Человек из седьмой комнаты Михаила Гуро и Дира Натальи Златовой напоминают характеры Арлекина и Коломбины из итальянской комедии дель-арте. Среди масок можно рассмотреть влюбленных и Бригеллу в облике Падре Плюша (Владимир Горюшин). Внеземным существом, хрупким и беззащитным кажется героиня Светланы Корчагиной − Элизевин. Она – источник наивного тона, который мягко заполняет весь спектакль, как капля акварели в воде. Это прокладывает путь жанру – от психологического триллера к сентиментальной балладе.

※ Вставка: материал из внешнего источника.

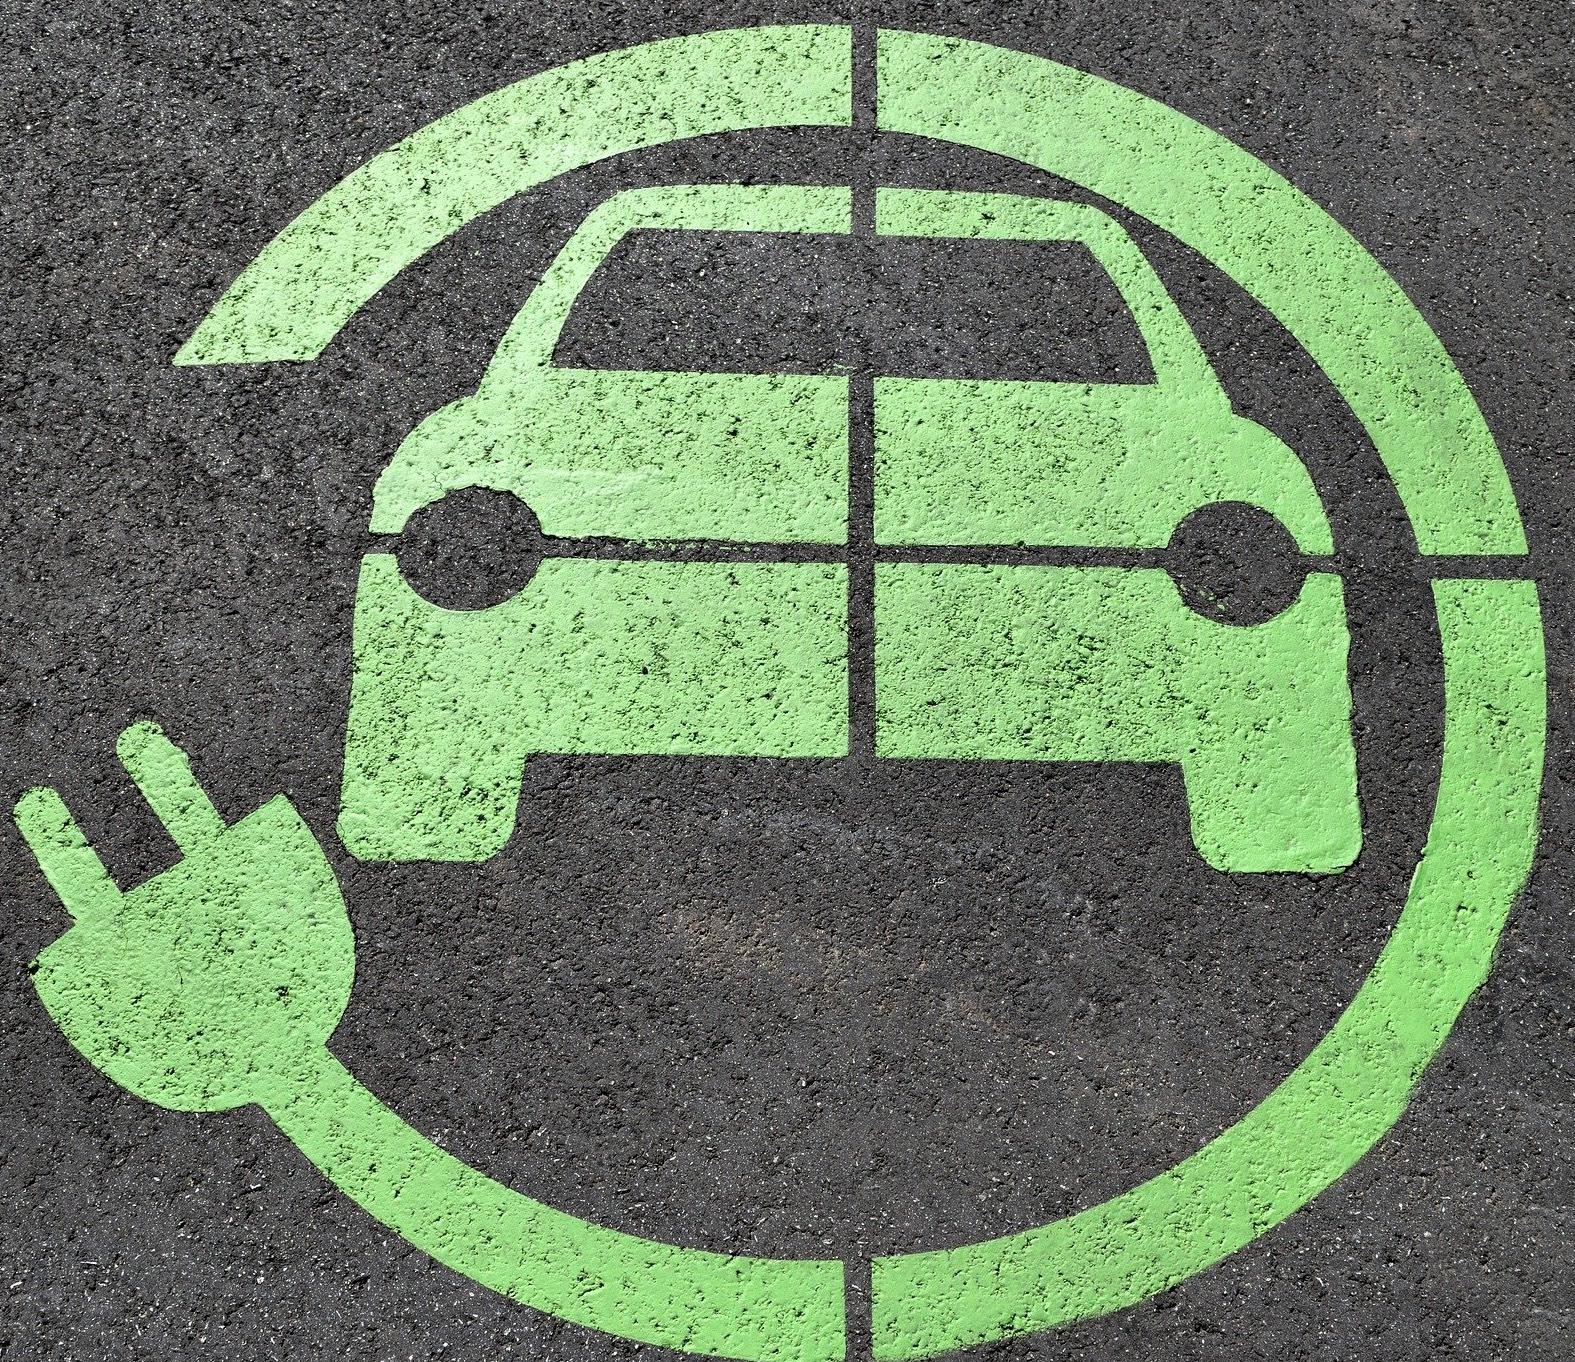 【汽車專知】插電混合動力就代表省油?方法錯誤更耗油!

Одна за другой раскрываются перед зрителем истории персонажей: женщина пытается забыть любовника, учёный постичь пределы моря, художник не может поверить, что глазами моря могут быть корабли, кто-то тщетно ищет возлюбленную, а таинственный мужчина жаждет только одного – мести. Границы этих историй стирает море. С приближением развязки отслеживать сюжет становится сложнее, поток сознания стирает логическую цепочку событий, уступая место воображению. А оно дорисовывает судьбы загадочного доктора Савиньи (Дмитрий Беседа), энергичного поручика Галлега (Ярослав Зенин), трагический портрет Томаса Адамса (Герман Андреев).

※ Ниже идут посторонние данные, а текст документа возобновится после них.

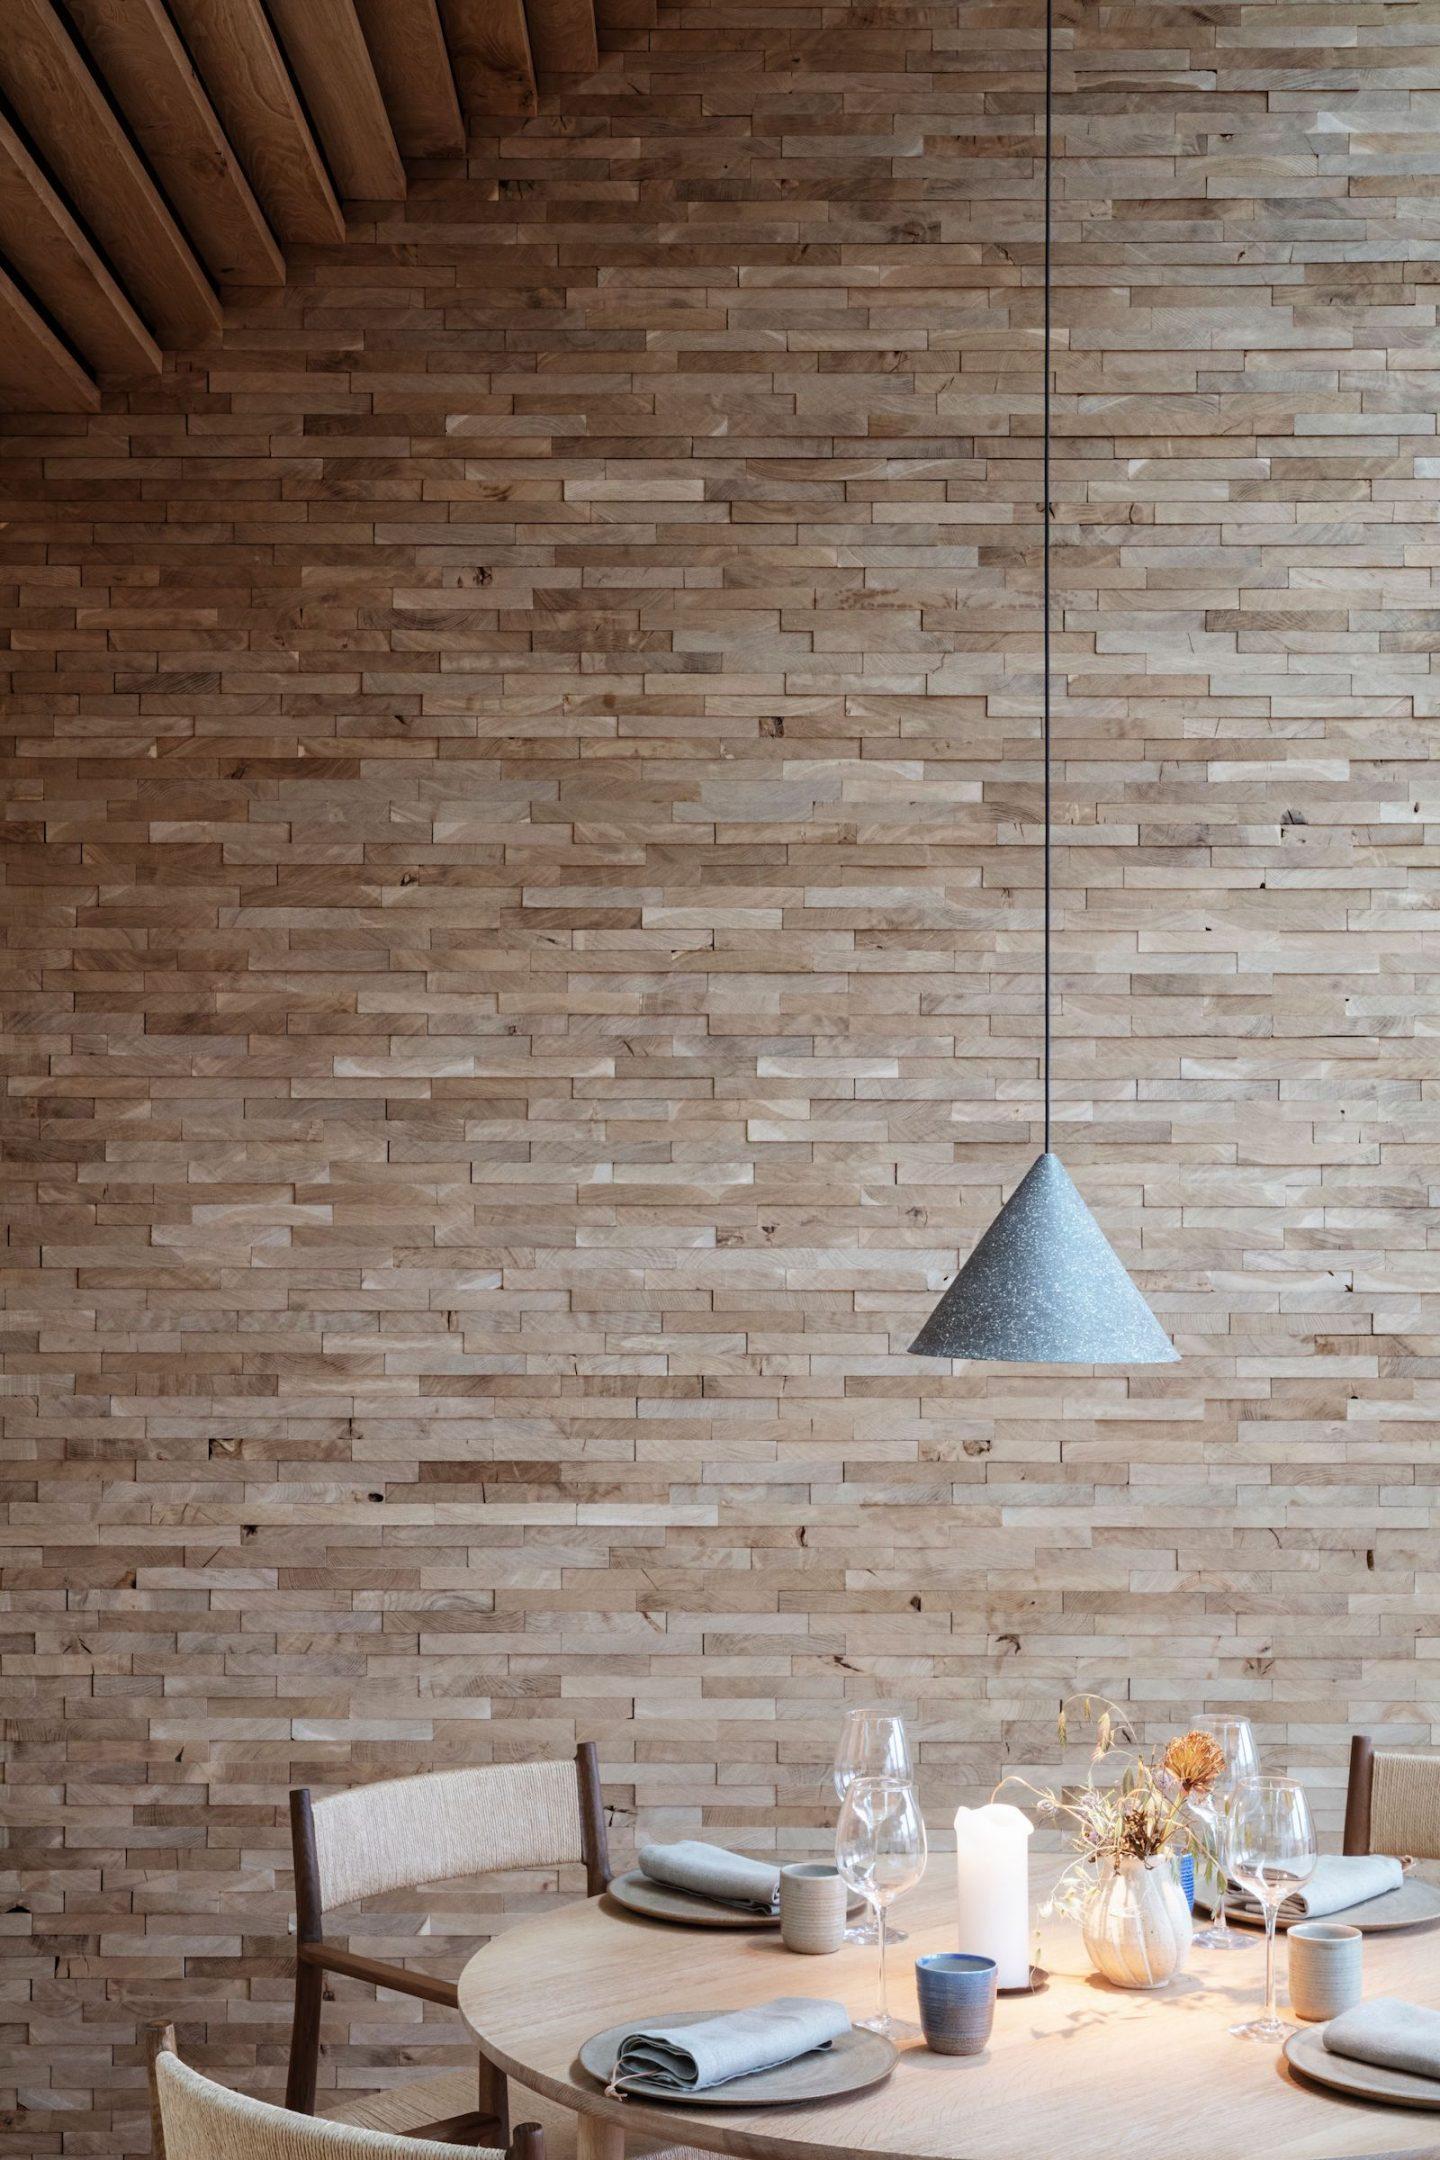 IGNANT-Design-David-Thulstrup-Noma-2

«Говоря о море, мы говорим о вечности: затрагиваем темы любви и смерти…» − Сергей Аронин делает море не просто главным действующим лицом спектакля, но и возлагает на него роль античного рока, порождающего противоречия, заложенные в природе всех отношений. Зритель видит море глазами персонажей, ощущает его близкое присутствие через музыку, речь, пластику тела. «…вот мы идём и оставляем следы на песке, отчётливые, глубокие. А завтра ты встанешь, посмотришь на берег и ничего не найдёшь, никаких следов, ни малейших отметин. За ночь всё сотрёт море и слижет прибой. Словно никто и не проходил. Словно нас и не было», − после спектакля остаётся ощущение бриза из чувственных прикосновений к загадочной, красивой истории о бесконечном смещении границ понимания себя и мира.